Problem description: What I need is an exact repeat of the lines from the one with "Manuel Antonio National Park coastline" through the end of the listing below. Leave out every picture.

Input data:
#####

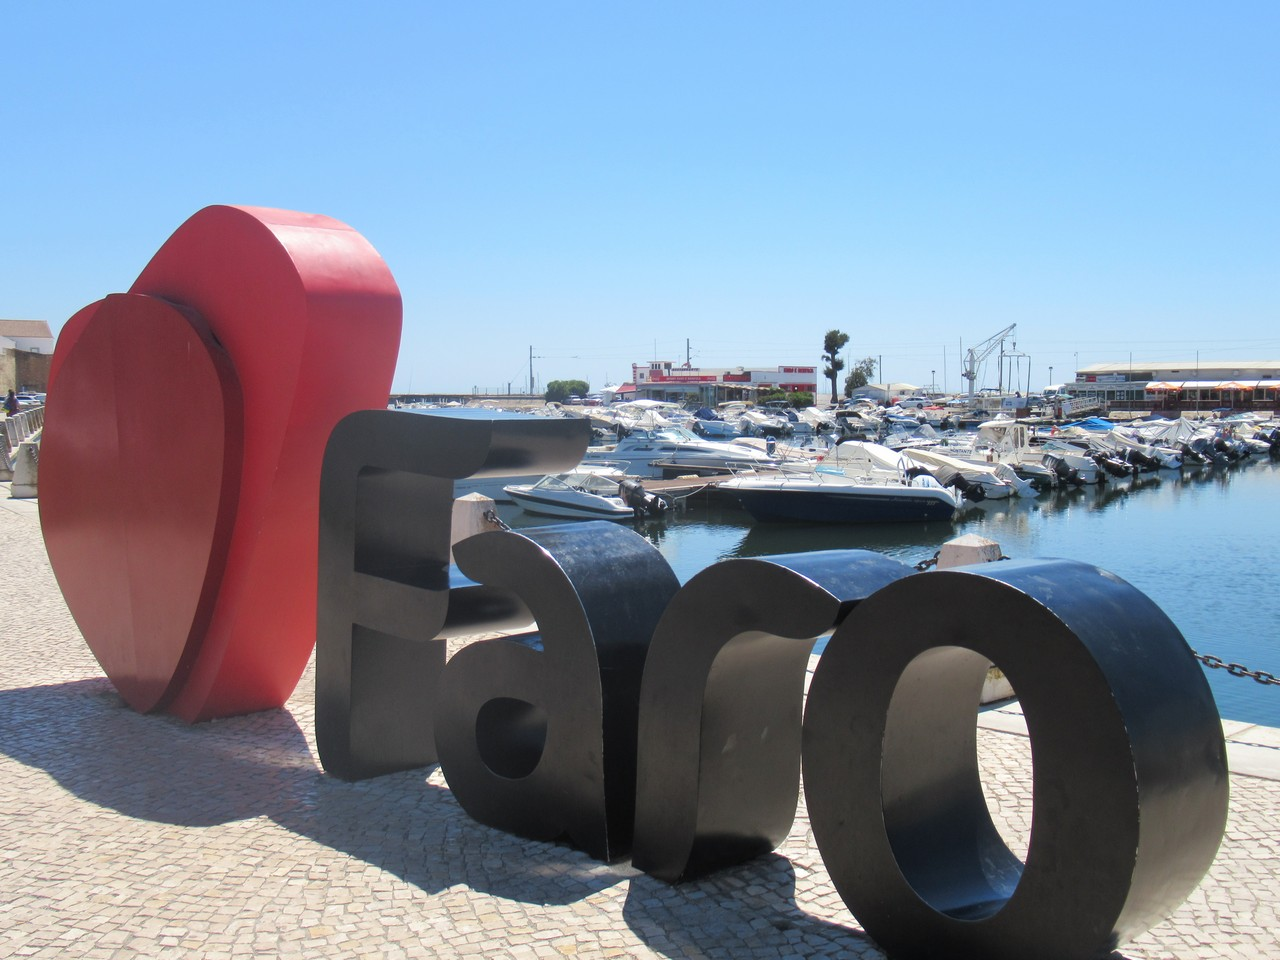 We did indeed 'heart' Faro.
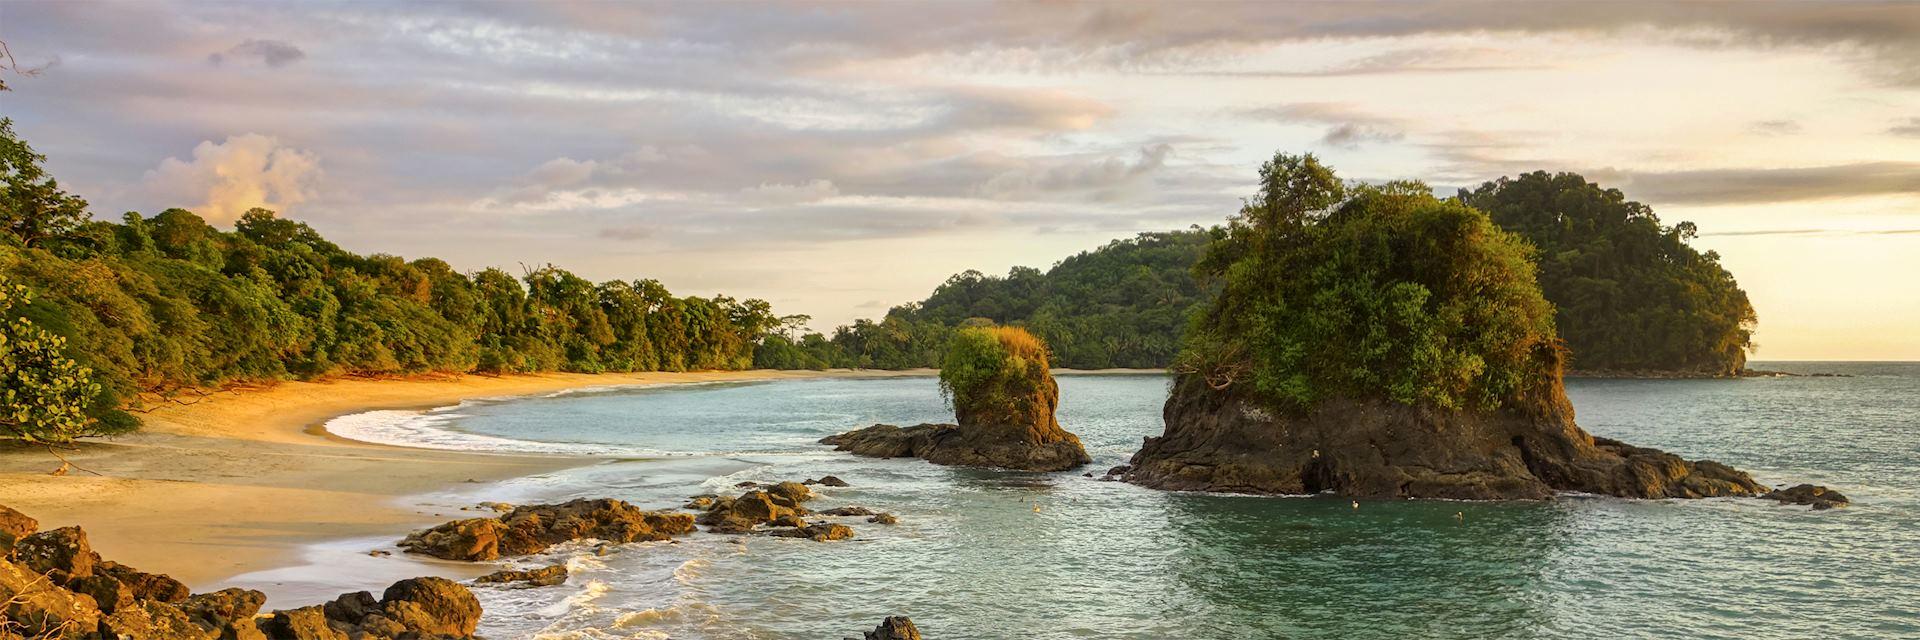 Manuel Antonio National Park coastline
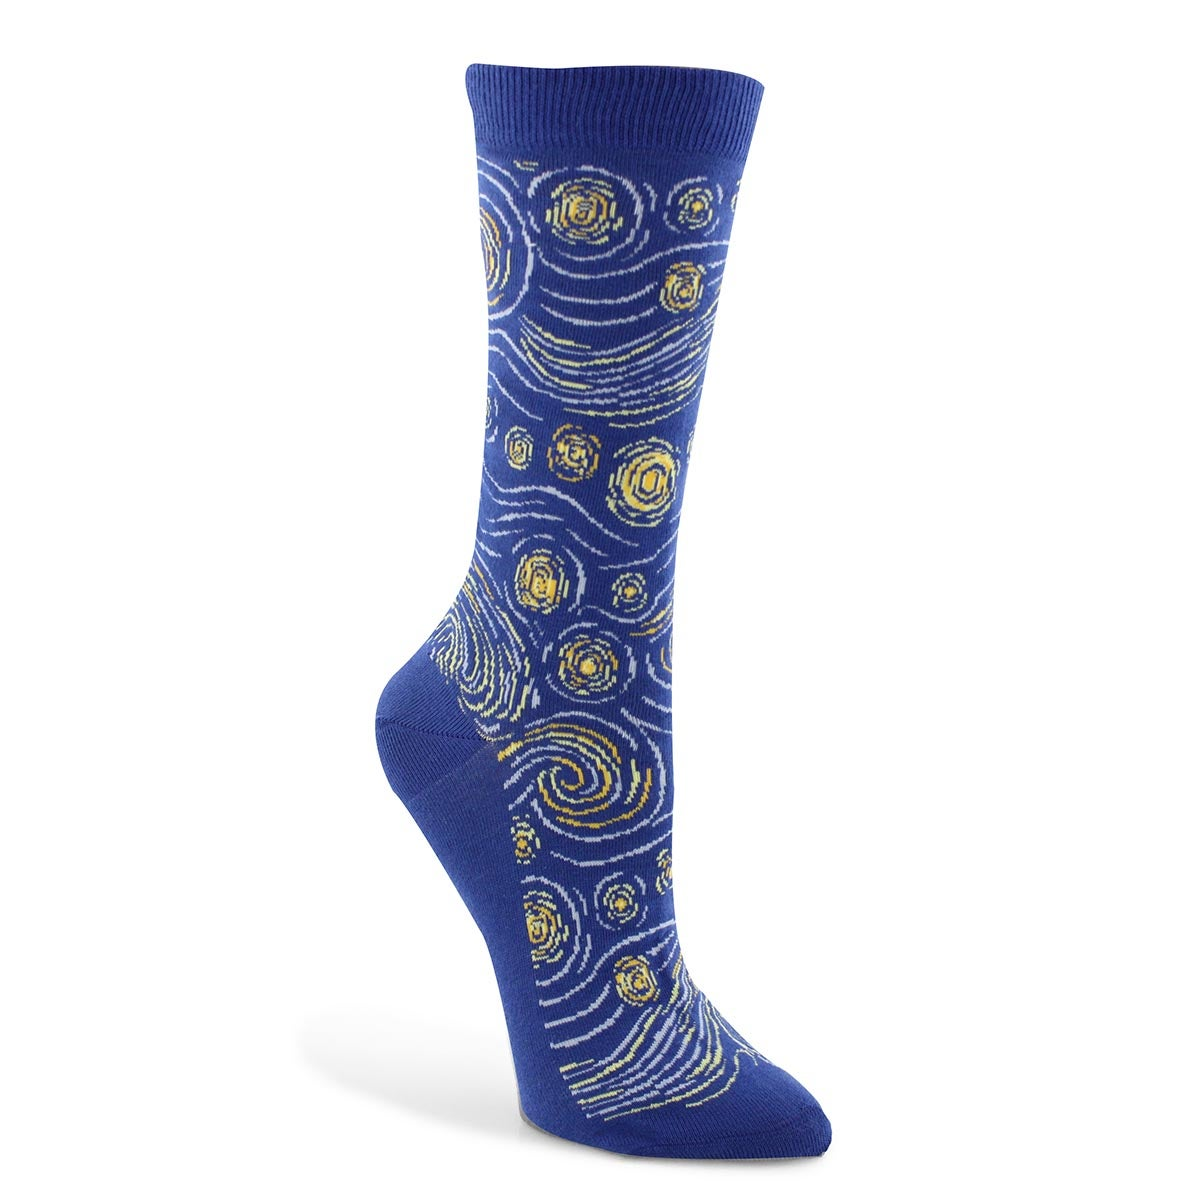 Lds Starry Night Mash Up blu prntd sock

#####

Written solution:
 Manuel Antonio National Park coastline
 Lds Starry Night Mash Up blu prntd sock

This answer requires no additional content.